W Kijowie Paradżanow nie tylko otrzymał jako takie warunki pracy, umożliwiające wyklarowanie własnego, dojrzałego stylu artystycznego, lecz także poznał swoją drugą żonę – Ukrainkę wykształconą w Kanadzie Swietłanę Szczerbatiuk. Piękną blondynkę, która miała wszelkie warunki ku temu aby zamiast filmowcem zostać np. modelką. Paradżanow miał ubóstwiać i do końca swoich dni kochać Swietłanę, która urodziła mu jedynego syna – Surena. Jednakże żyć w rodzinie Paradżanowa - żyć z Siergiejem - było zadaniem niełatwym, zadaniem z którym nie każda kobieta potrafiłaby sobie poradzić. „Nawiedzony artysta" i „dziwak" – wedle słów znajomych – nalegał on, aby każdy, najbanalniejszy szczegół dnia powszedniego był „naładowany estetycznym znaczeniem" urastając do rangi niezwykłego zdarzenia. W swój magiczny świat Paradżanow wciągał żonę np. zmuszając ją, aby obierała jabłka w jakiś nietypowy sposób, aby filiżankę do kawy stawiała na stole pod odpowiednim kątem i w określonym świetle, aby aranżowana całą ekspozycję mając do dyspozycji kotlety na talerzu podczas rodzinnego obiadu... Swietłana szanowała artystyczne ekscesy męża, ale szanowała też własną osobę. Przynajmniej na tyle, aby zrozumieć, że w związku z tym „wielkim" człowiekiem nigdy nie będzie szczęśliwa. W 1961 r. Swietłana zabrała syna i na zawsze odeszła z mieszkania i życia Paradżanowa. Pomimo starań ze strony reżysera, który chciał podtrzymywać kontakt z synem, Suren nie czuł więzi z ojcem. Wykształcony później na architekta, „twardogłowy karierowicz" lojalny wobec systemu, Suren potępiał artystyczny chaos życia Paradżanowa, jego „skandale i wygłupy". To właśnie on po śmierci filmowca bez najmniejszego żalu sprzedał za 5 tys. dolarów jego rodzinny dom w Tbilisi nowobogackiemu Rosjaninowi. Śladami Siergieja Paradżanowa poszedł tylko jego siostrzeniec – Giorgij (Garik) Paradżanow, również uznany reżyser.

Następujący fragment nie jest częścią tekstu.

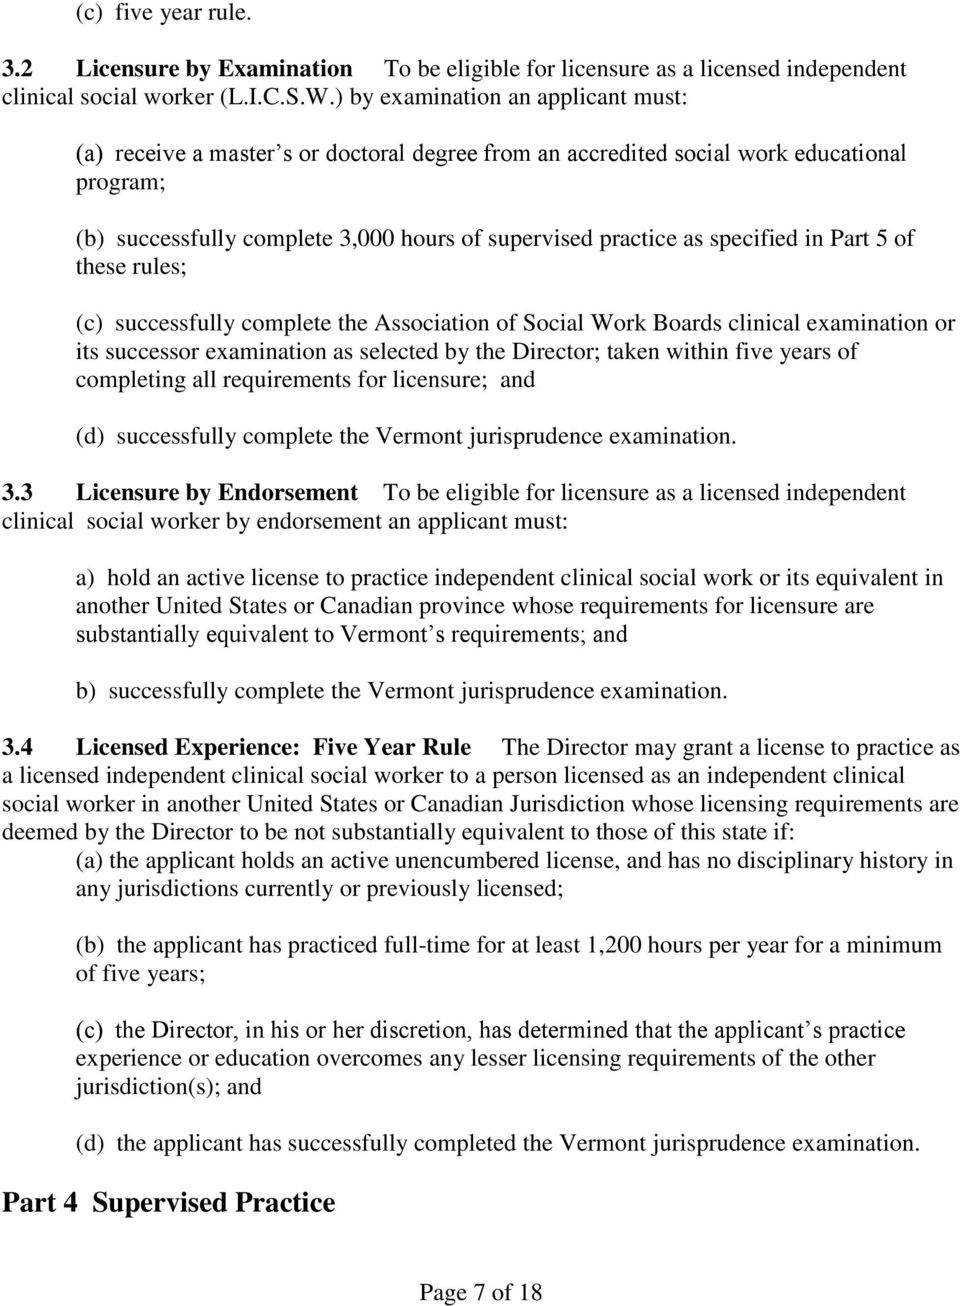 specified in Part 5 of these rules; (c) successfully complete the Association of Social Work Boards clinical examination or its successor examination as selected by the Director; taken within five

Pierwszy etap swojej twórczości, którym było kręcenie filmów socrealistycznych, Paradżanow kończy w 1962 r. Przez ten czas realizuje on dla kijowskiej wytwórni szereg filmów fabularnych (Pierwszy chłopak - 1956, Ukraińska rapsodia – 1961, Kwiatek na kamieniu – 1962) i krótkometrażowych (Dumka, Natalia Użwij, Złote ręce – 1957) mających w historii kina raczej podrzędne znaczenie. I nagle zdarza się cud. W 1964 r. Paradżanow kręci Cienie zapomnianych przodków (Тіні забутих предків) – arcydzieło będące adaptacją opowiadania Mychajło Kociubyńskiego, bogato korzystające z huculskich wierzeń i legend. Premiera obrazu miała miejsce 4 września 1965 r. i pokryła się w czasie z aresztowaniami młodych intelektualistów we Lwowie i Kijowie. Projekcja filmu poprzez wystąpienia m.in. Wiaczesława Czornowiła i Wasyla Stusa zamieniła się w polityczną manifestację. Wydarzenie to postawiło Paradżanowa w niekorzystnym świetle wobec władz radzieckich. Podejrzliwość władz wzbudził dodatkowo światowy rozgłos, który uzyskał film – zdobywca aż 28 nagród na międzynarodowych festiwalach! W kijowskiej wytwórni filmowej uświadamiano sobie z żalem, że potulny i poprawny politycznie reżyser Ukraińskiej rapsodii zginął bezpowrotnie, że w osobie Paradżanowa mają oni teraz do czynienia z czymś nowym, jeszcze nieokreślonym, ale z pewnością groźnym.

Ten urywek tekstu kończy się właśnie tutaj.